First thing I did was backup the most important files to an external drive via rsync. (I have run out of space for a full 8TB external drive backup and can't afford to buy any more drives just now) We also keep these more important files offsite)
Good!
mdadm -D /dev/md0 shows that my third drive sdd1 was removed. I checked the smart tools to see if the drive was failing and saw nothing, even after running a self-test. I didn't check for disk errors on the drive itself as I'm not sure how this works in a raid setup. I did try re-adding the disk to the raid and it immediately picked it up and started recovering.
This was the mdadm --examine shows of the raid status *before* I tried re-adding the removed drive: http://pastebin.com/P4Q4YhN7
I can't see anything wrong here, the only difference I saw was in the sdd section showing Array State AAAA instead of AA.A as the others were (. = missing)
This morning I woke up to another email with the same message, and the disk sdd1 was removed again. I am adding the drive again to see what happens, but suspect the same results.
Here's the mdadm --detail now: http://pastebin.com/CkBm6SbH
dmesg since a recent reboot, with a lot of the repeats taken out: http://pastebin.com/jzWnYizV
- Should I run any more tests on the drive itself? Any specific
suggestions? Do you think it could be a hardware fault unrelated to the actual drive? I'm nervous of starting to swap things around to test this.
If/when the drive unmounts with an error, run fsck on it. was it drive sdd1? if so sudo fskc /dev/sdd1
and see it it passes or fails. If it was me, I might be tempted to reformat that particular drive. I'd probably use a disk tool to do that so that I could do a "slow" format; one that writes to every sector, "zero"ing them. This does mean that each sector is written to. This means that any bad sectors may be detected and marked as bad. Actually, I'd be very tempted to run a disk test on that disk. I'm sure there are many disk tests available. I think there's some on the system rescue disk live cd.

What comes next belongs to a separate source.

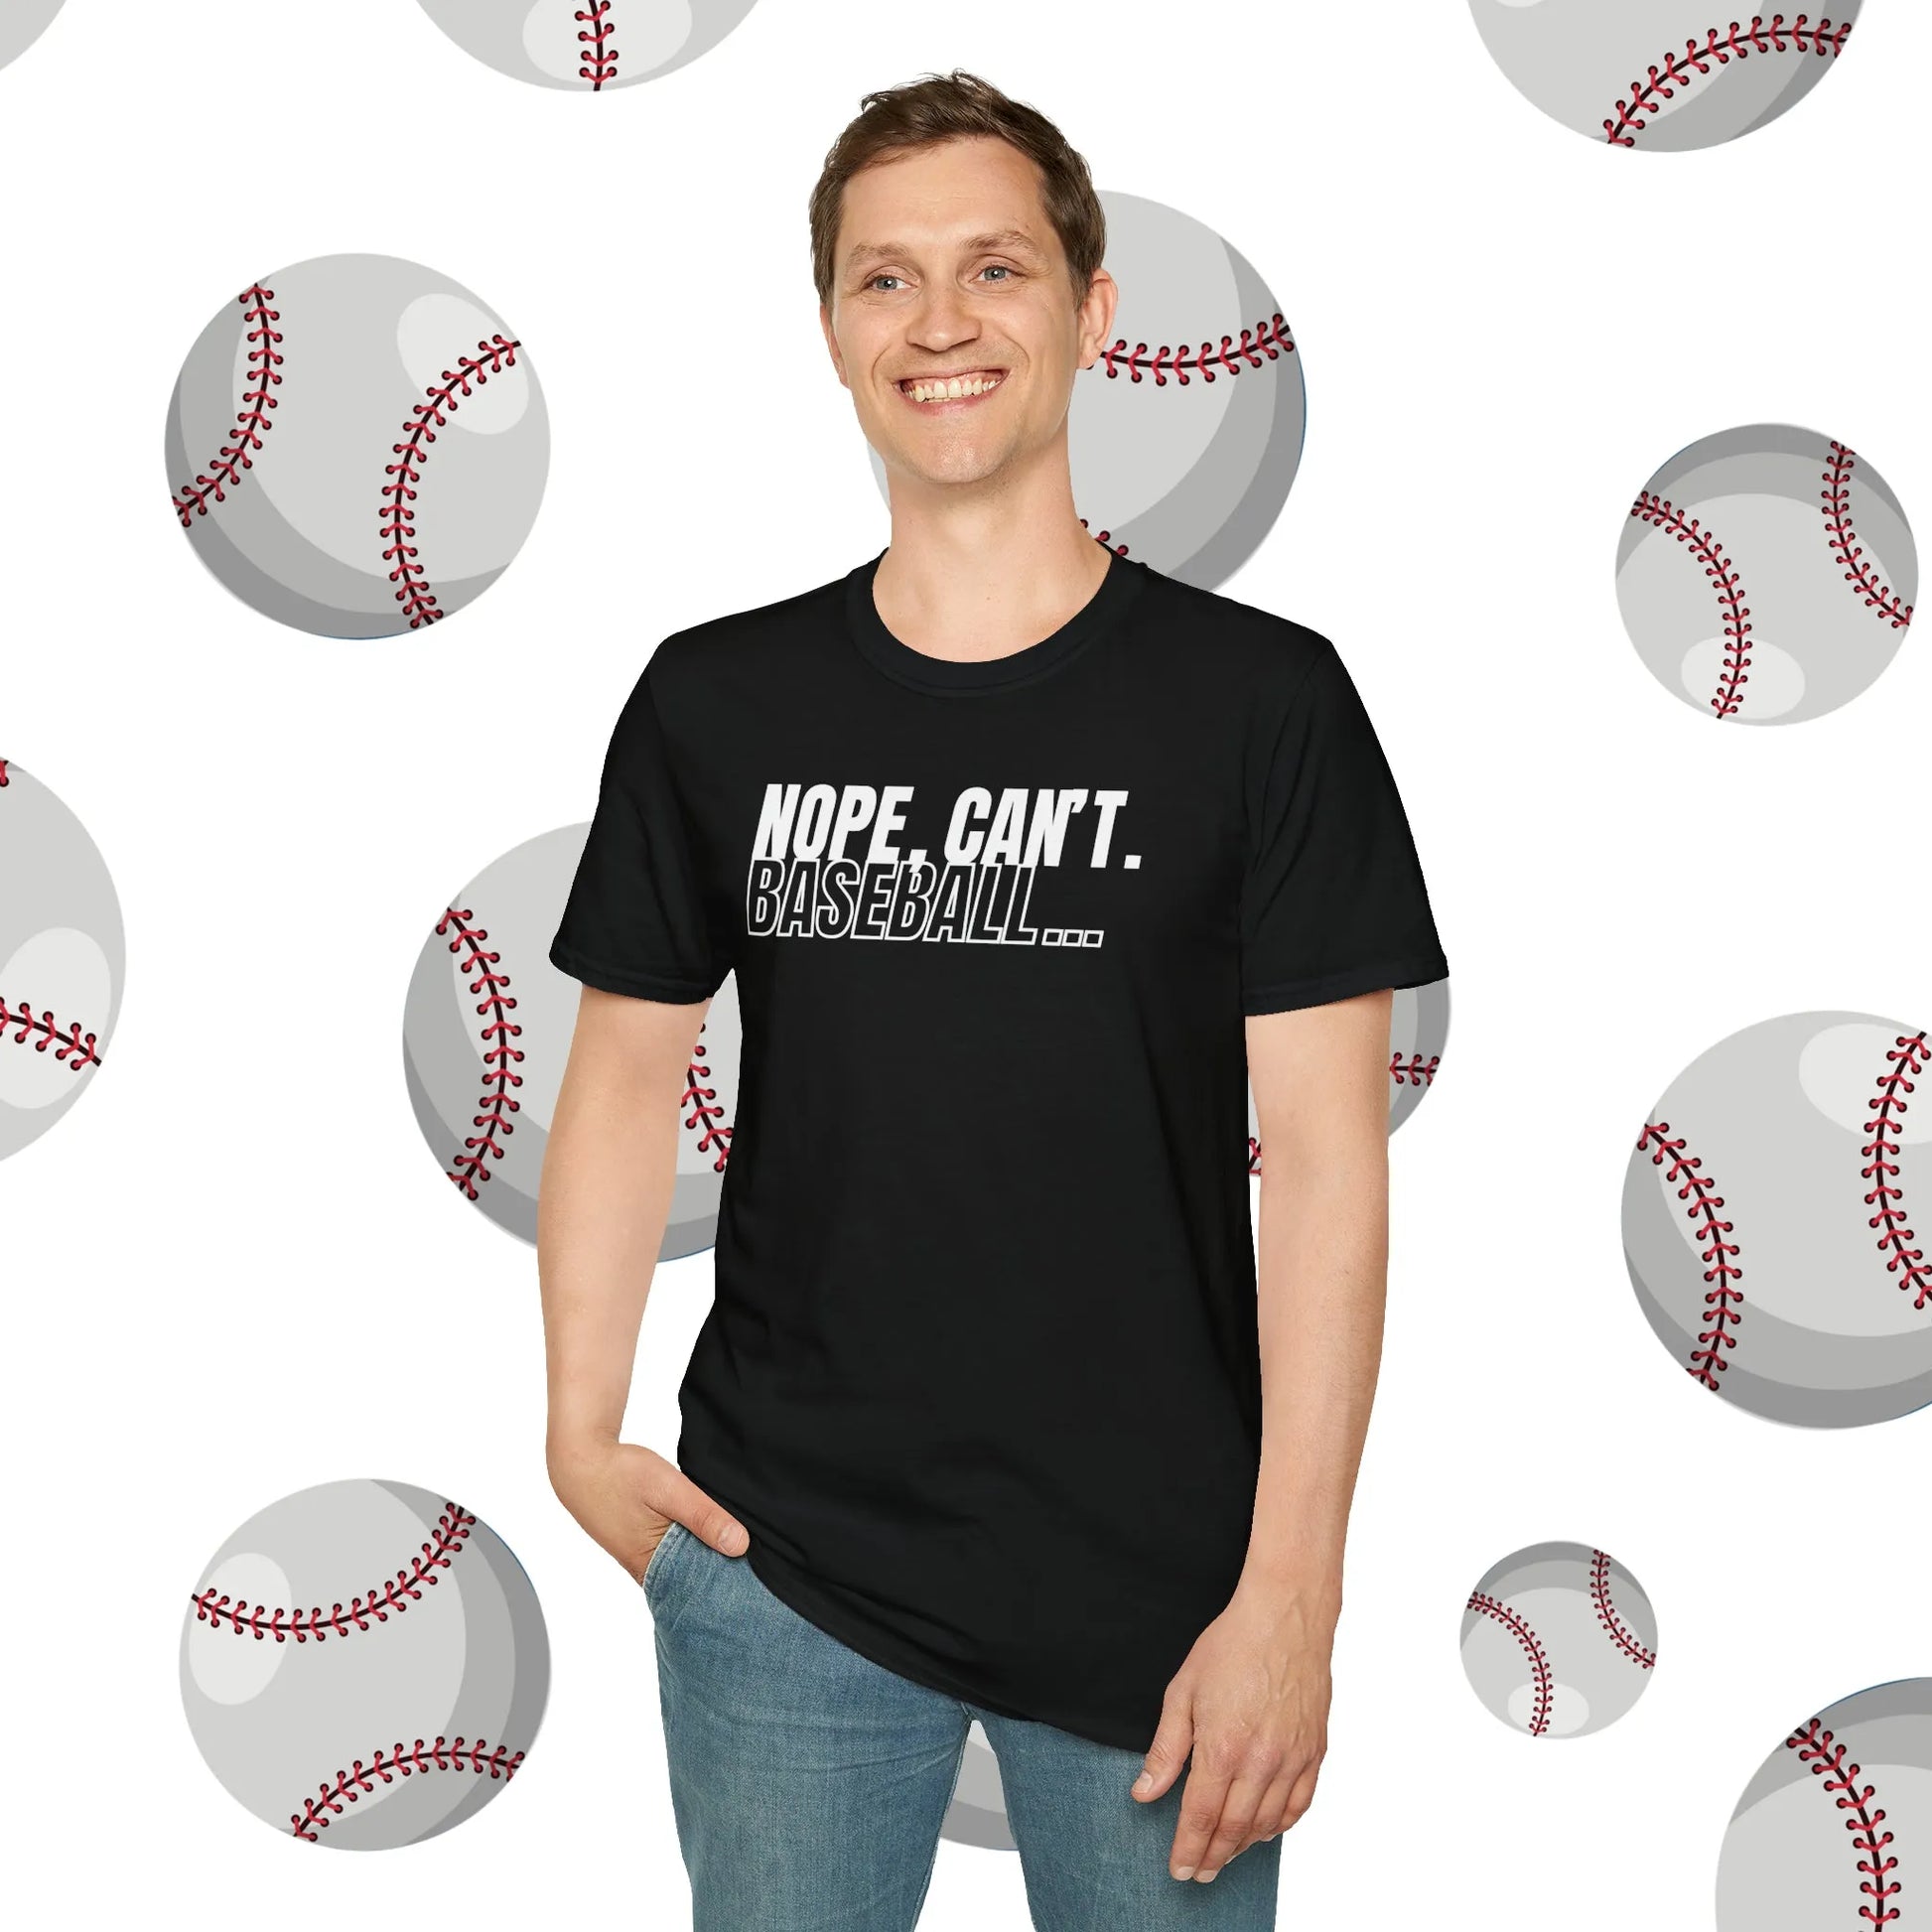 Nope, Can't. Baseball... Tshirt - Funny Baseball Shirt - Nope Can't Baseball Shirt Black Male

- The drives are in warranty so I have contacted WD to ask for a
replacement, although if the SMART tests don't show anything I don't know if they'll replace the drive
Unless or until you can show some errors on them (other than it being unmounted from the raid array), I don't know if you'll have any joy.

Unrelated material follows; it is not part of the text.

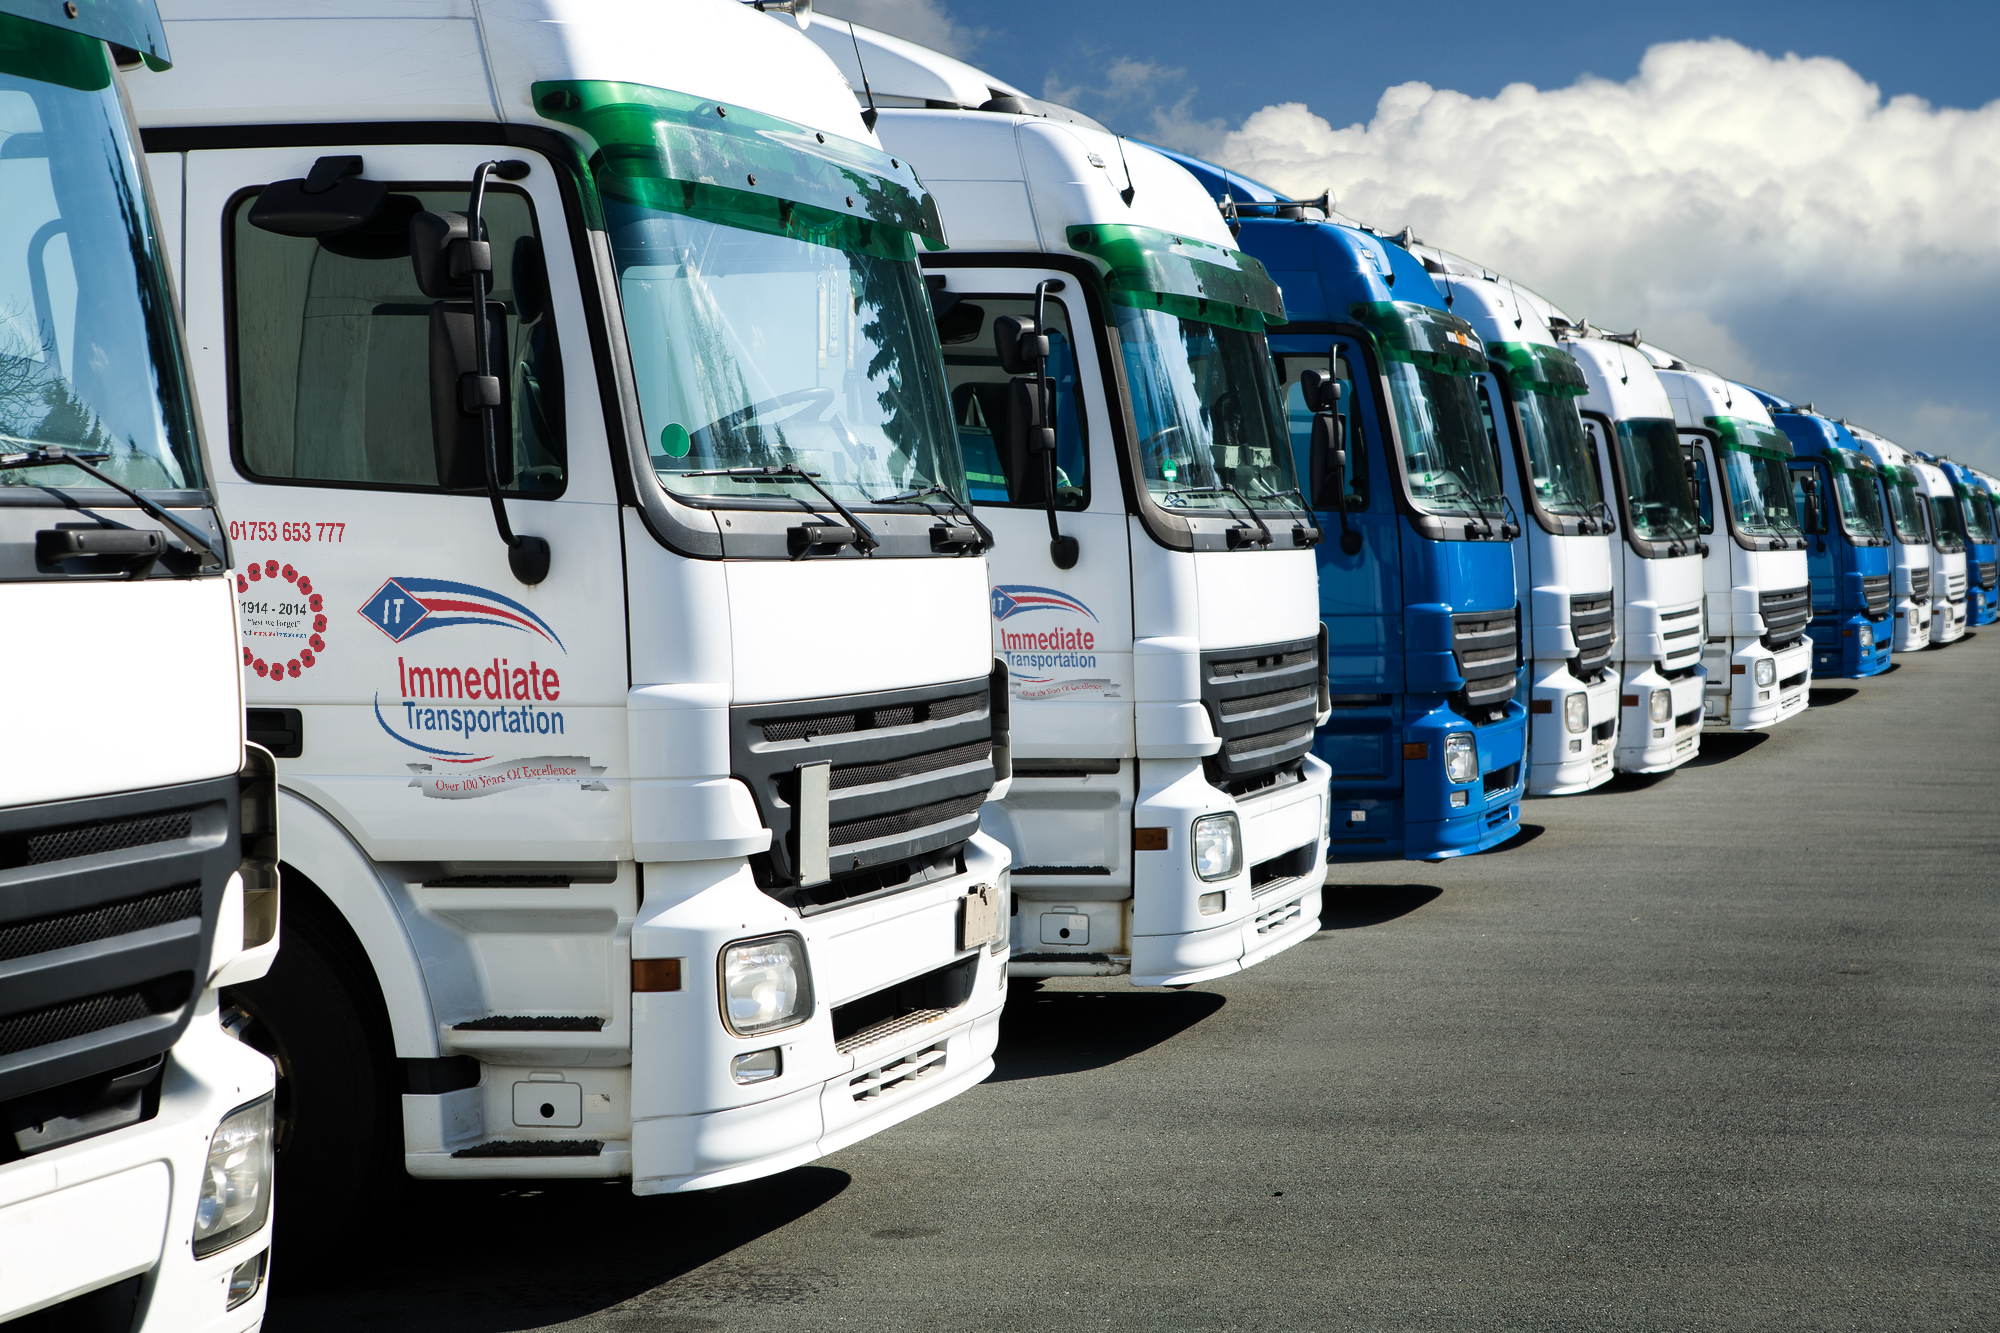 Immediate Transport lorries

- Should I tell my colleagues we're going to have to switch the
machine off until the new drive arrives? (I am paranoid of a second drive failing before I get a new one)
It depends on how valuable the data is. If it's vital data, then yes, wait until you can get a new disk. If it's that vital, perhaps you need to add another disk to the raid array (5 tot) so that it is a bit more robust?
Any advice as to what I could do to test the drive/setup is appreciated. Please be aware I'm no linux guru, my field is in something completely different and I just happen to love learning about linux and have found it very useful to complement my office setup and work.
http://www.ultimatebootcd.com/ https://www.system-rescue-cd.org/SystemRescueCd_Homepage
Sorry I can't give you a blow-by-blow as ultimate boot cd for example has many hard disk tools, some Western Digital specific ones. I've never run them.
How to run safely? Disconnect the good drives, leaving only the bad one connected. Be 100% certain it's the bad one, and only the bad one connected. Boot from the live cd/dvd, follow the menu options.
Actually, I'd suggest downloading ultimate boot cd and burning it to a disk, then try the WD utilities on the bad disk. Be aware that these may be destructive tests - i.e. they may delete the data on the drive. Once that's happend, you'd have to recreate and re-add the drive to the array if it passes.
If in doubt, don't do it!
Good luck.
Steve